Aujourd’hui, les tallyman exercent encore une forte autorité dans les communautés Cris. À Waswanipi, on compte 52 tallymans, chacun étant responsable de sa propre terre. Ces derniers sont continuellement appelés à travailler de concert avec le Conseil des Cris de Waswanipi dans la gestion des affaires de la communauté. C’est généralement avec eux que les compagnies forestières négocient les compensations pour les coupes ayant lieu en territoire cri.
La désolation

« Personne ne peut marcher ici, pas même les animaux » s’indigne Don Saganash en montrant une coupe à blanc aux portes de sa ligne de trappe. « Au sud, toutes les lignes de trappes sont comme ça. Les animaux n’y viennent plus. Les lièvres et les orignaux ne peuvent pas vivre dans des secteurs comme celui-ci » poursuit-il. Le territoire de Don est situé sur la rive nord de la rivière Broadback. Pour l’instant, les coupes ont eu lieu sont aux abords de la rive sud de la Broadback. Les compagnies forestières envisagent de construire un pont sur la rivière, ce qui ouvrirait grand la porte à l’exploitation du territoire de Don Saganash.

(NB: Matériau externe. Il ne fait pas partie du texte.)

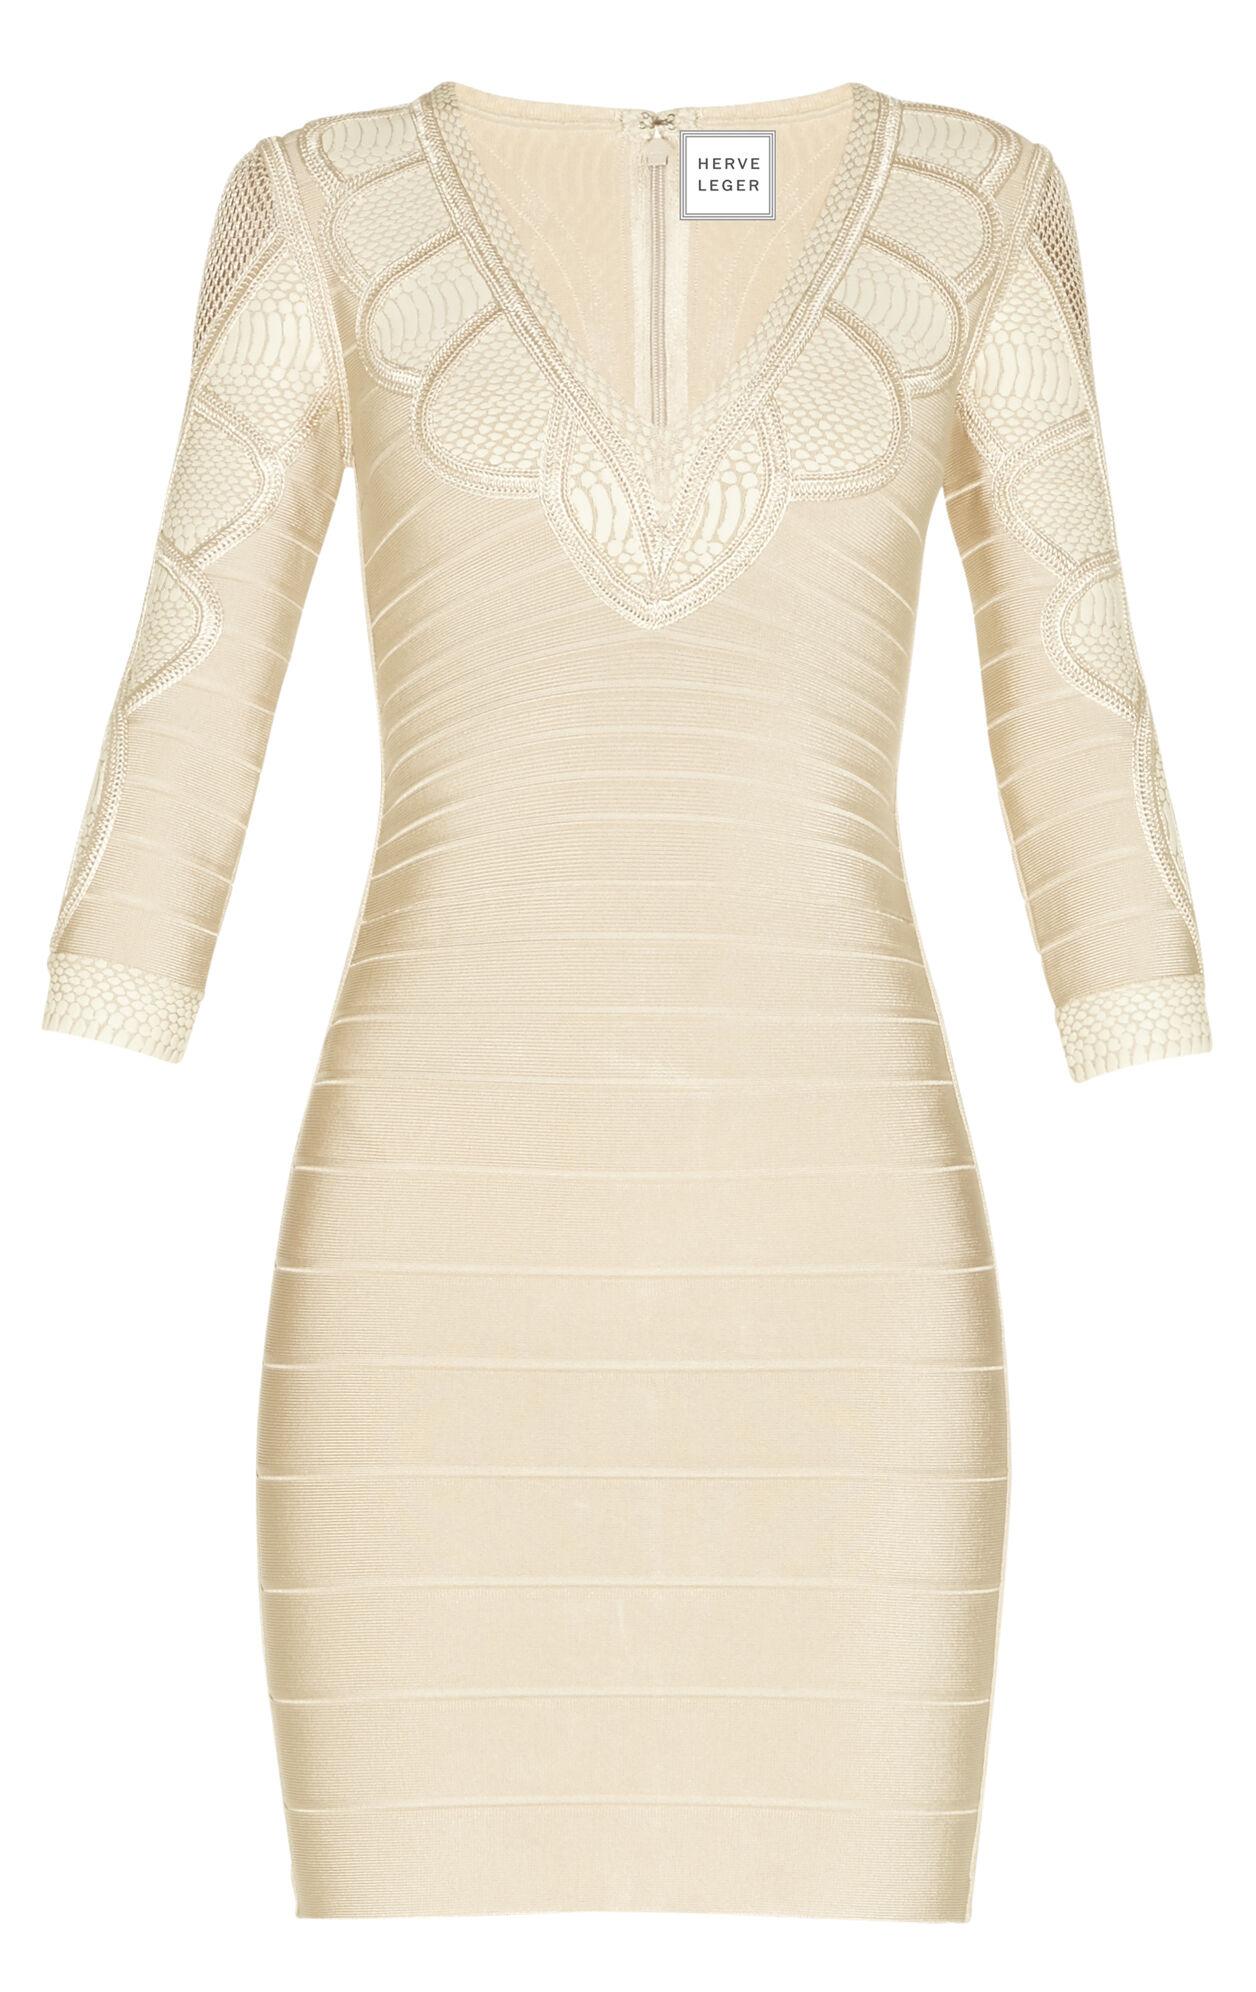 Sofie Puffa Print Crochet Detail Dress

« Les compagnies forestières ne viendront pas ramasser les dégâts qu’ils ont faits », explique Don en pointant les débris des coupes. « Comment te sentirais-tu si je venais détruire ton jardin en ville ? Pourtant, c’est exactement ce qui se passe ici… » poursuit-il. En tant que tallyman, Don est responsable de son territoire et son autorité est reconnue dans la communauté. Mais les compagnies forestières ne voient pas les choses de la même façon. Face à ces dernières, les tallymans ne disposent d’aucun véritable pouvoir mis à part celui de négocier des accommodements. La seule façon d’empêcher la destruction de leur territoire est de résister.
La figure de la résistance

C’est à peu près seul que Don Saganash a commencé son combat. « Mon territoire est en plein dans les secteurs prévus de coupes forestières. Je ne demande pas grand-chose, je veux juste préserver le dernier 10 % de territoire vierge qu’il nous reste » explique Don Saganash. « Ma terre n’est pas à vendre. Tout ce qu’on veut, c’est garder notre territoire à l’état naturel et pouvoir ainsi protéger la forêt boréale et le caribou forestier » ajoute-t-il.

Greenpeace aura été un allié de la première heure pour Don Saganash. En 2010, Don et Greenpeace ont bloqué symboliquement un chemin forestier s’approchant de la rivière Broadback. Depuis, ils maintiennent la pression pour sa protection. Cet été, ils ont déployé ensemble une bannière géante en pleine forêt boréale. « Au départ, mes amis étaient sceptiques envers Greenpeace. Après tout, nous sommes des trappeurs. Nous vendons de la fourrure. On sait que les gens de Greenpeace n’aiment pas trop ça. Mais on a su passer par dessus nos divergences. » explique Don Saganash en riant.

Une banderole vue du ciel pour la préservation de la rivière Broadback
Émile Duchesne

Après avoir convaincu les trappeurs et la communauté de Waswanipi, Don a a également réussi à entraîner deux autres communautés de se joindre à lui dans le combat pour la préservation de la Broadback. En 2013, c’est le Grand Conseil des Cris, et donc toute la nation, qui s’est finalement rangée du côté de Don Saganash. Avec l’entente Baril-Moses signée en juillet dernier, le gouvernement du Québec concède aux Cris une parcelle de terrain protégé, même si ce dernier est loin de refléter les revendications des Cris. La très grande majorité de l’aire protégée prévue par le gouvernement de Philippe Couillard se retrouve au nord de la limite d’attribution forestière.

Le territoire de Don Saganash n’est donc toujours pas à l’abri des coupes forestières. Le trappeur poursuit ainsi son combat. Les appuis se multiplient autour de sa cause et il a bon espoir de rallier toutes les communautés autochtones du Québec et du Canada à son projet de préserver la vallée de la rivière Broadback.